** What the exercise asks **
Retype the whole listing below exactly, keeping every picture out of it.

** Given material **
• • • •
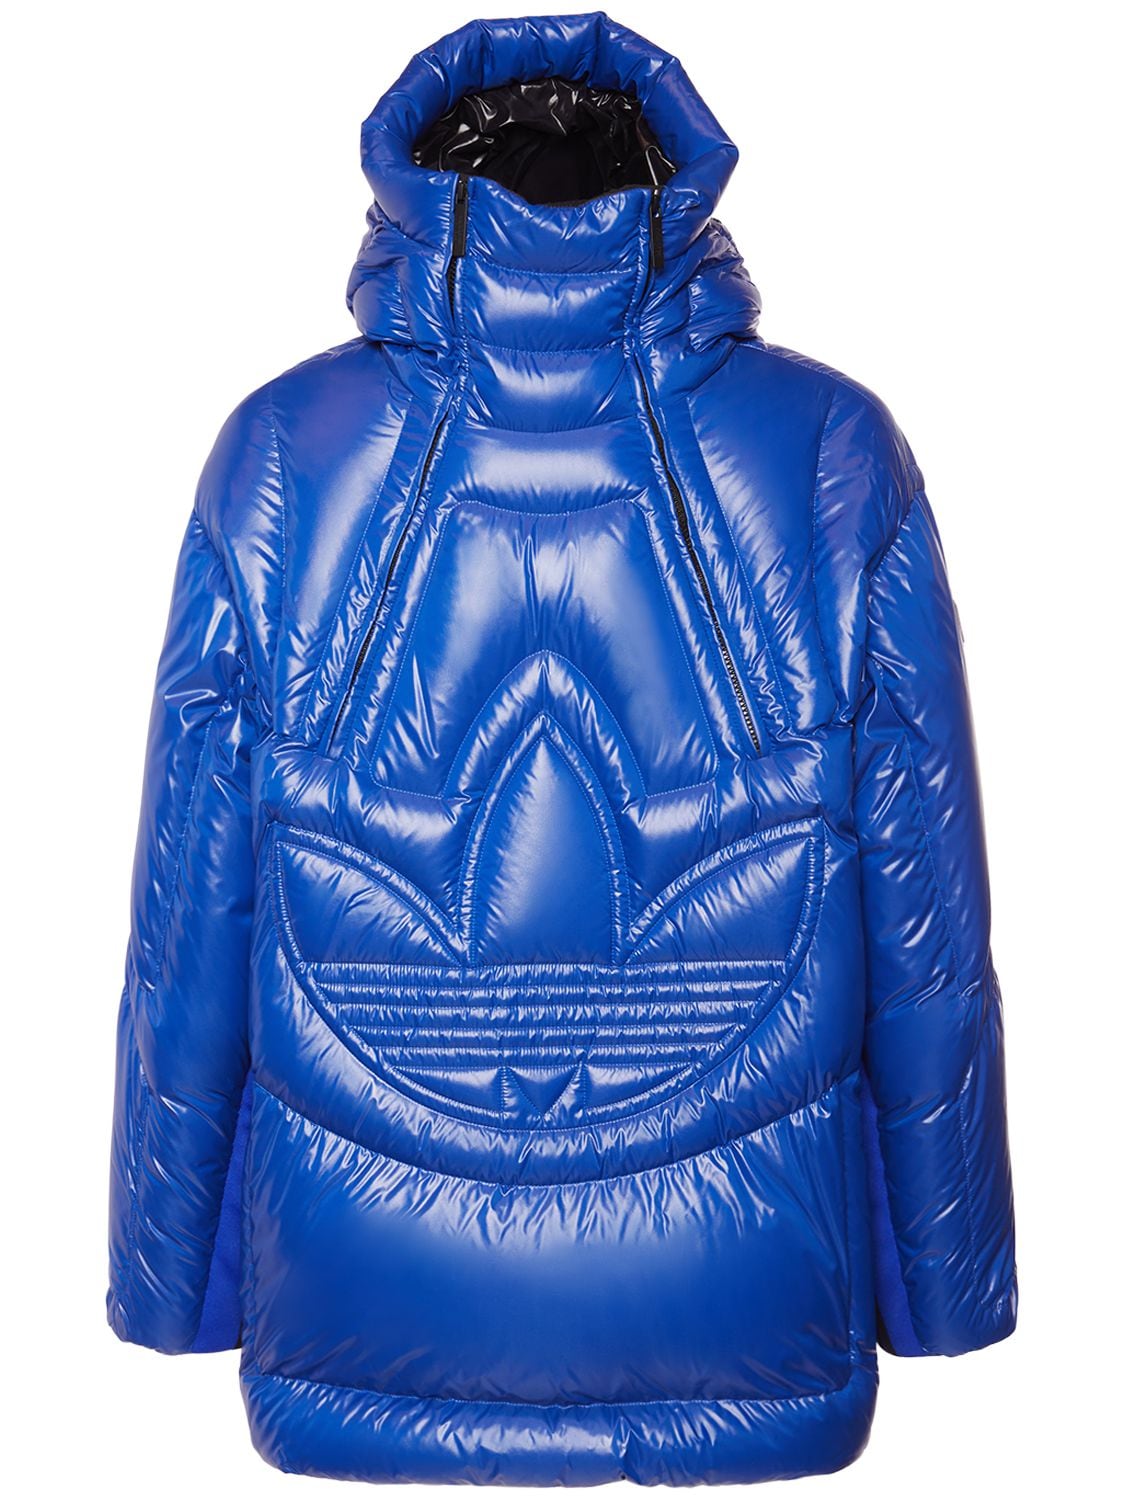 Moncler Genius Moncler X Adidas Chambery Down Jacket In Dark Blue
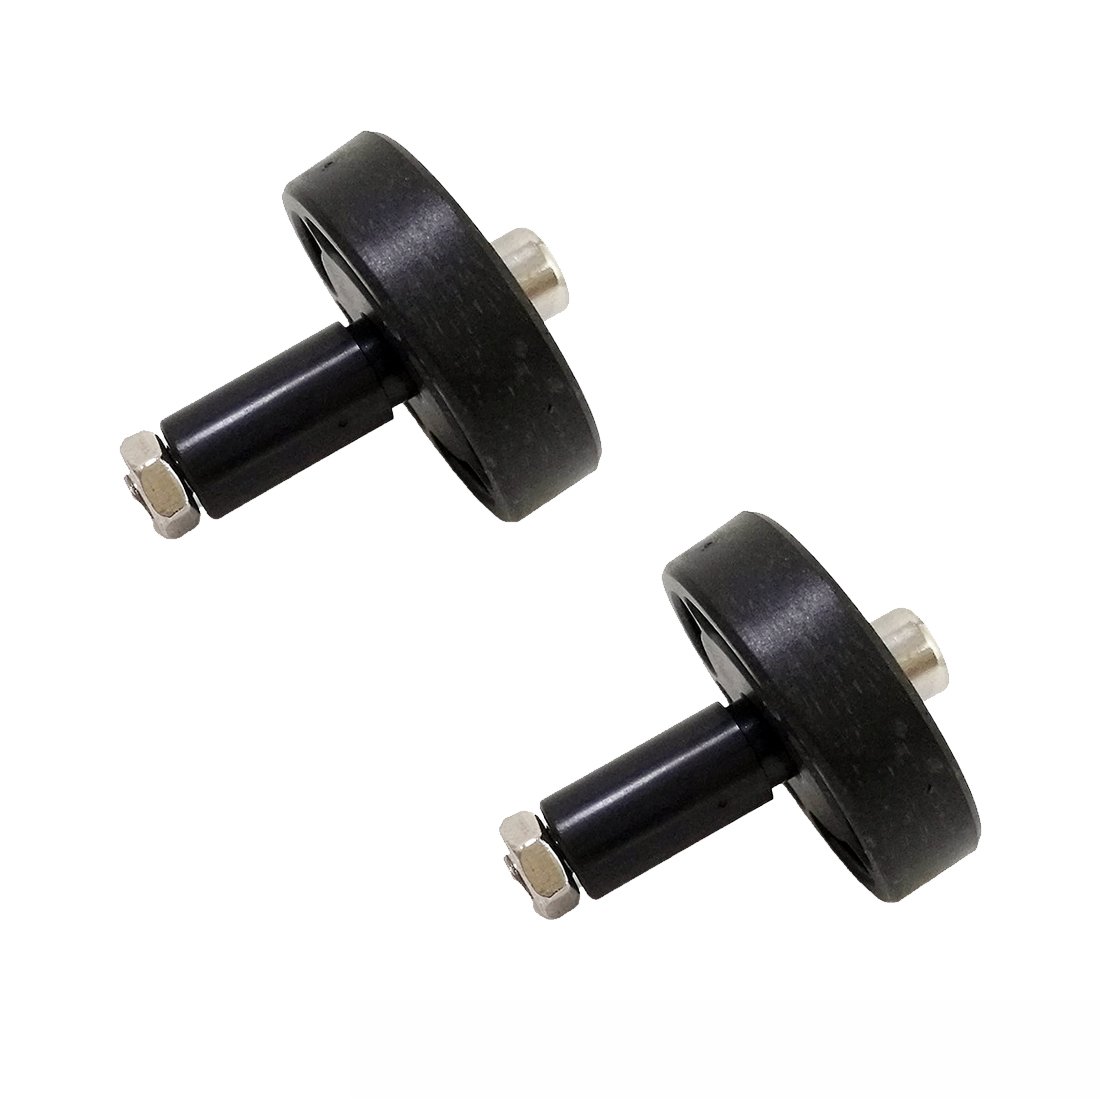 2Pcs Black Rubber Bearing Wheels for Chassis Tank Car 1
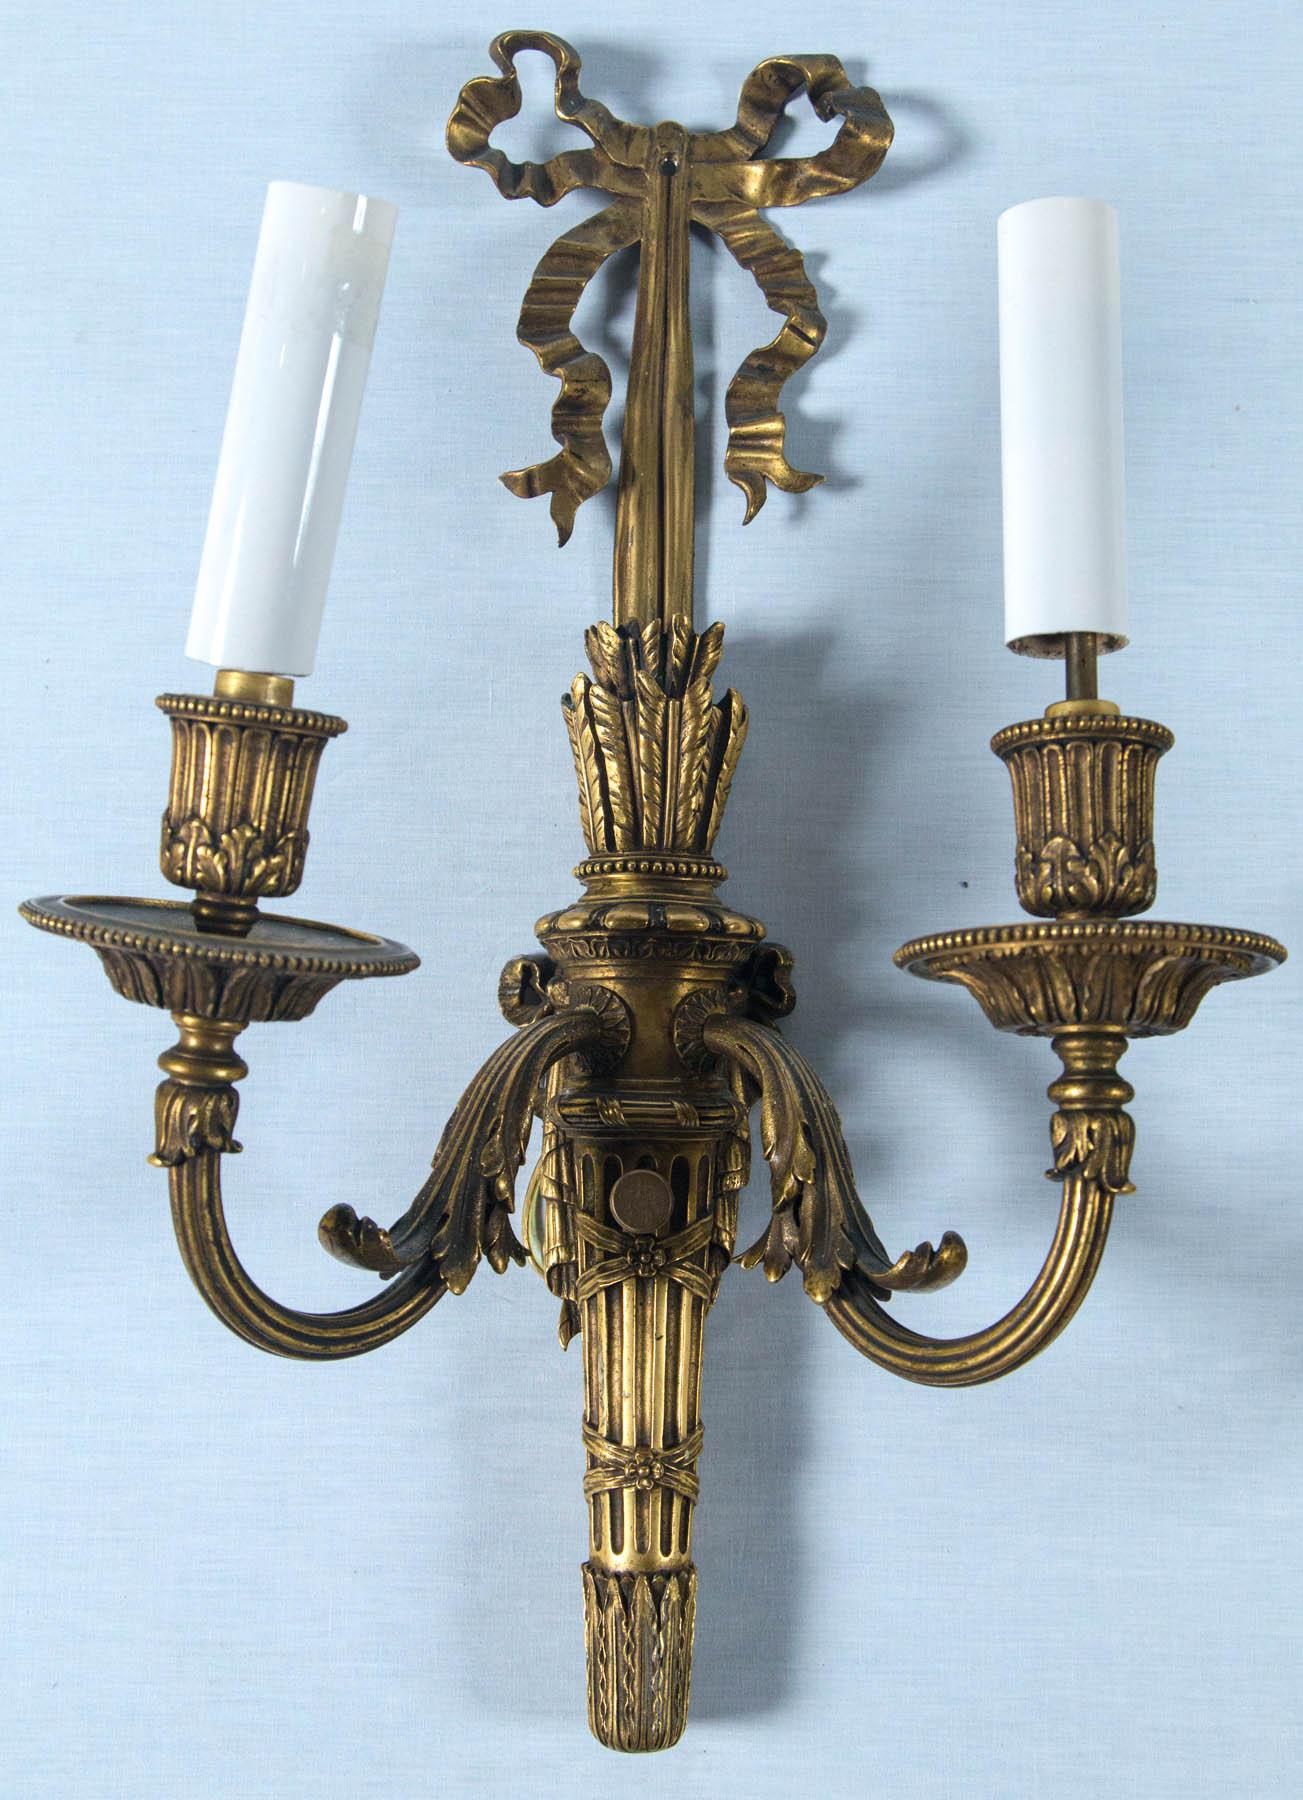 A rare pair of gilt bronze circa 1900 E F Caldwell sconces. Made in the French Louis XVI iconic style with high quality crisp casting and rich gilt bronze patina now nicely tarnished and aged. Original mark of C with diamond border stamped on back
• • • •
** Answer space **
 Moncler Genius Moncler X Adidas Chambery Down Jacket In Dark Blue
 2Pcs Black Rubber Bearing Wheels for Chassis Tank Car 1
 A rare pair of gilt bronze circa 1900 E F Caldwell sconces. Made in the French Louis XVI iconic style with high quality crisp casting and rich gilt bronze patina now nicely tarnished and aged. Original mark of C with diamond border stamped on back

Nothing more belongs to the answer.